There's also a PostToolUse hook that runs shellcheck after any pentest script edit. It excludes SC2016 (dollar signs in single-quoted strings) because some pentest scripts like the injection module use curl format strings like '%{http_code}' in single quotes. Without the exclusion, shellcheck flags them and Claude tries to "fix" them by double-quoting, which breaks the scripts.

#The loop

Day to day it works like this. /pentest-align to make sure the suite matches the infrastructure. /pentest to scan.
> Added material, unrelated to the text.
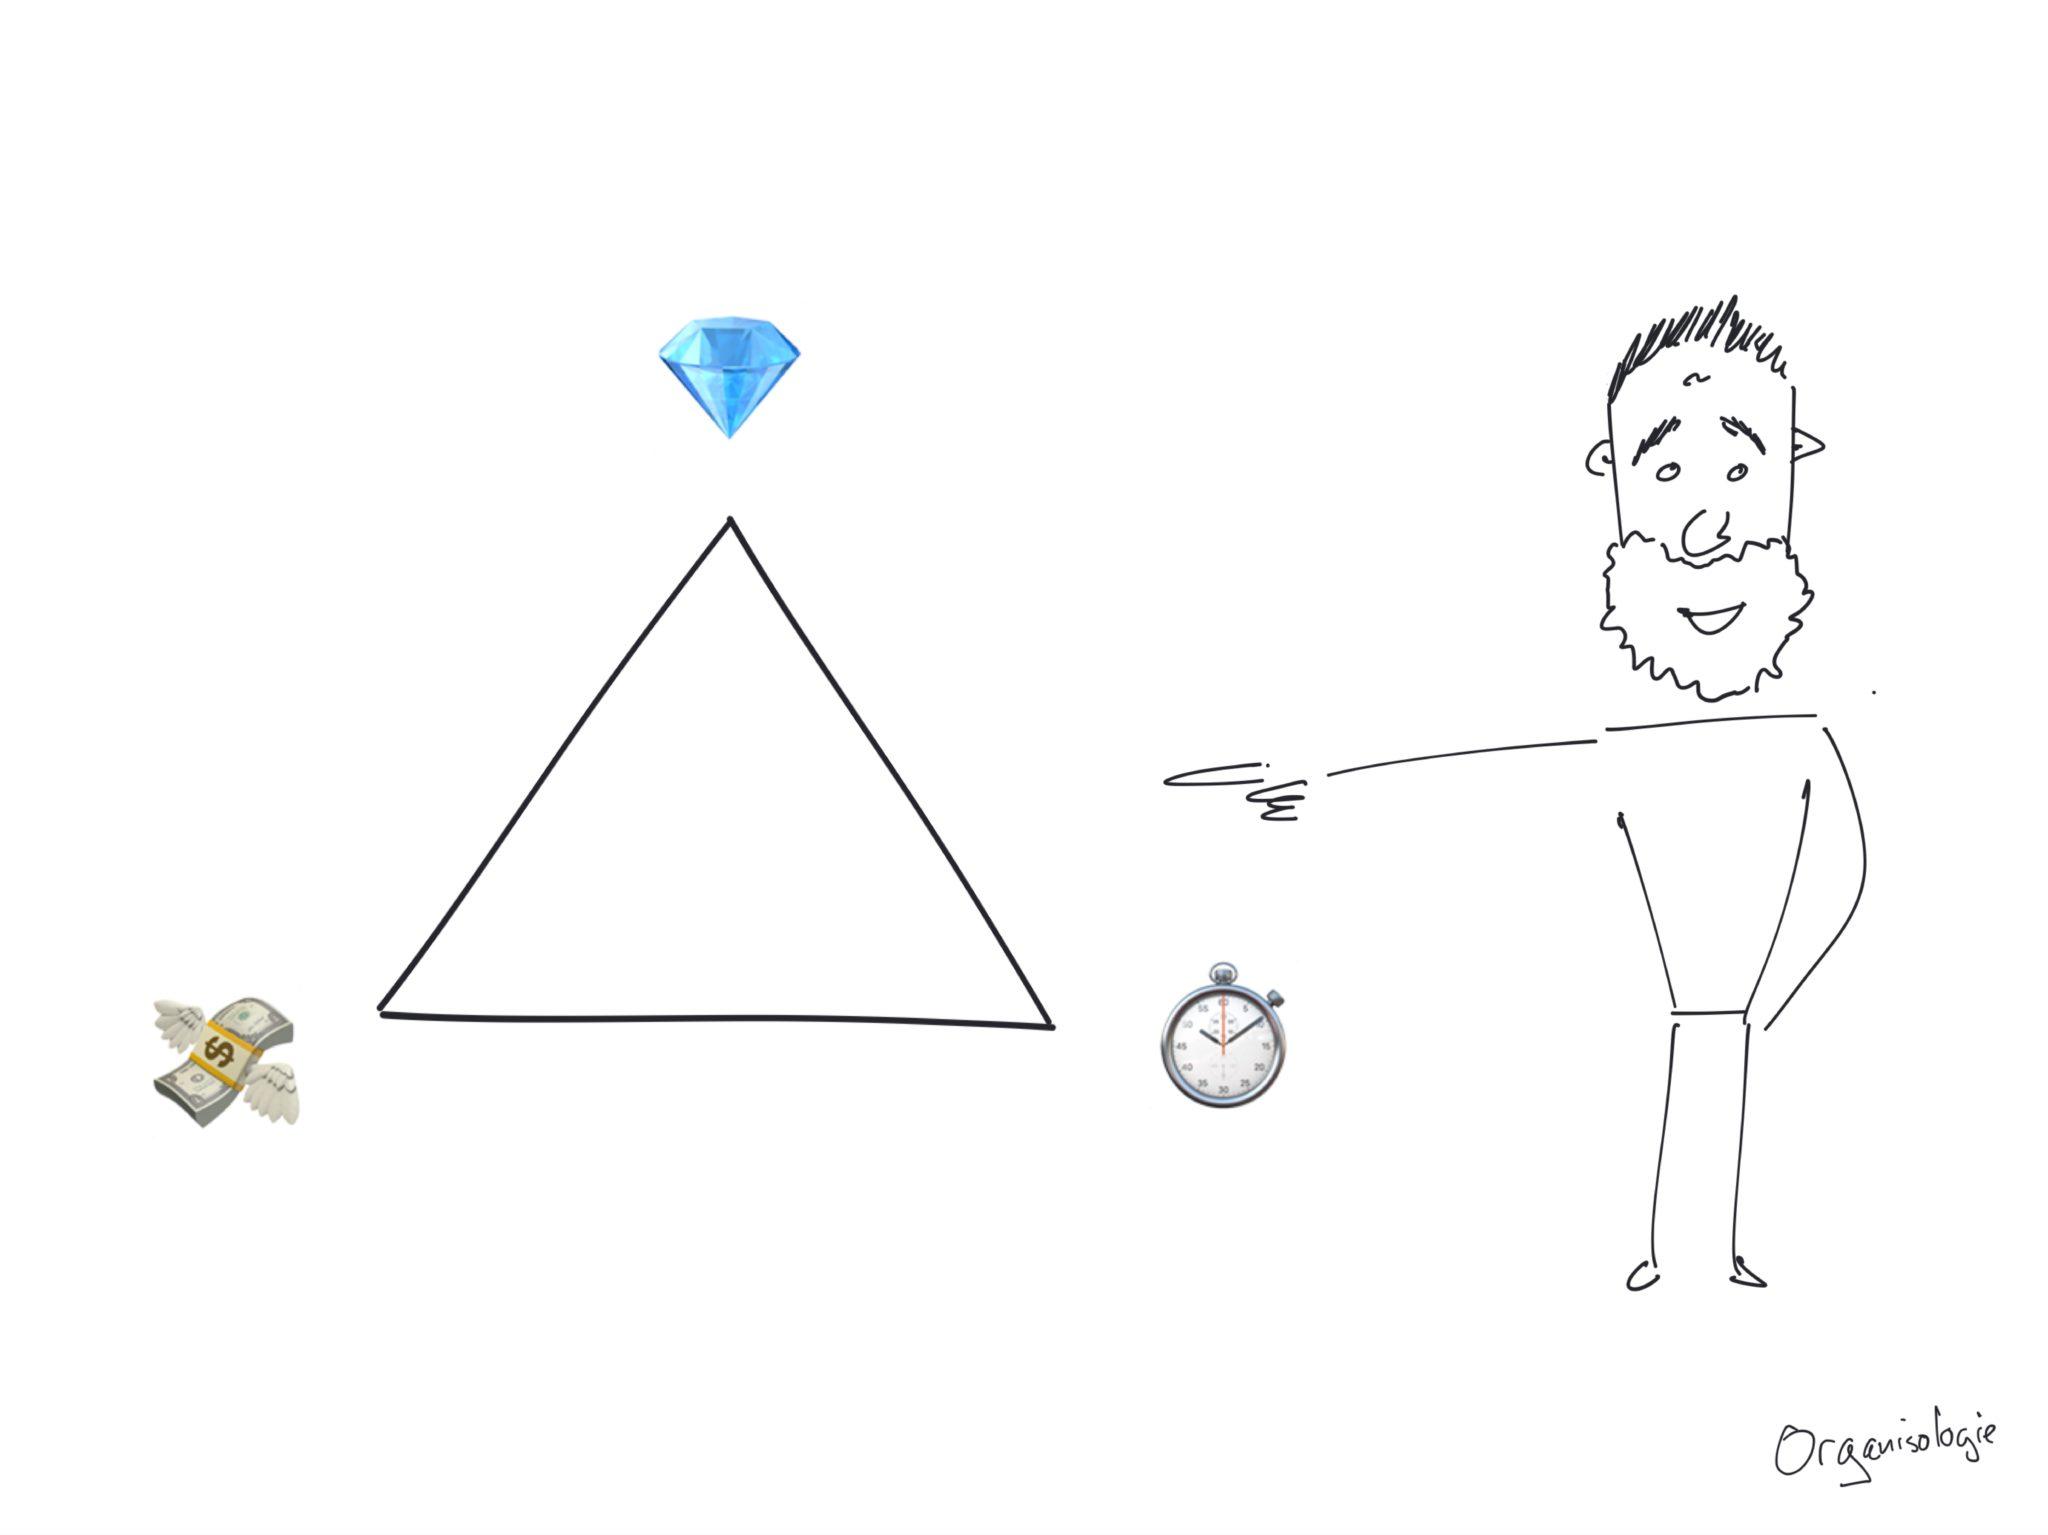 triangle QCD qualité coûts délais

Fix what comes up. Commit the fix, deploy it with /rockport-ops, and check the service is still healthy. /pentest-review to check results without re-scanning. Fix any tests that were wrong. /pentest-align again to catch anything that drifted while I was fixing things.

It's not a substitute for a proper security review, but it gives me repeatable coverage that I can run any time I change something.

The repo is public. If you've got suggestions or spot something I've missed, raise an issue.


Updated 7 April 2026 to reference the latest work on the pentest suite and Rockport codebase.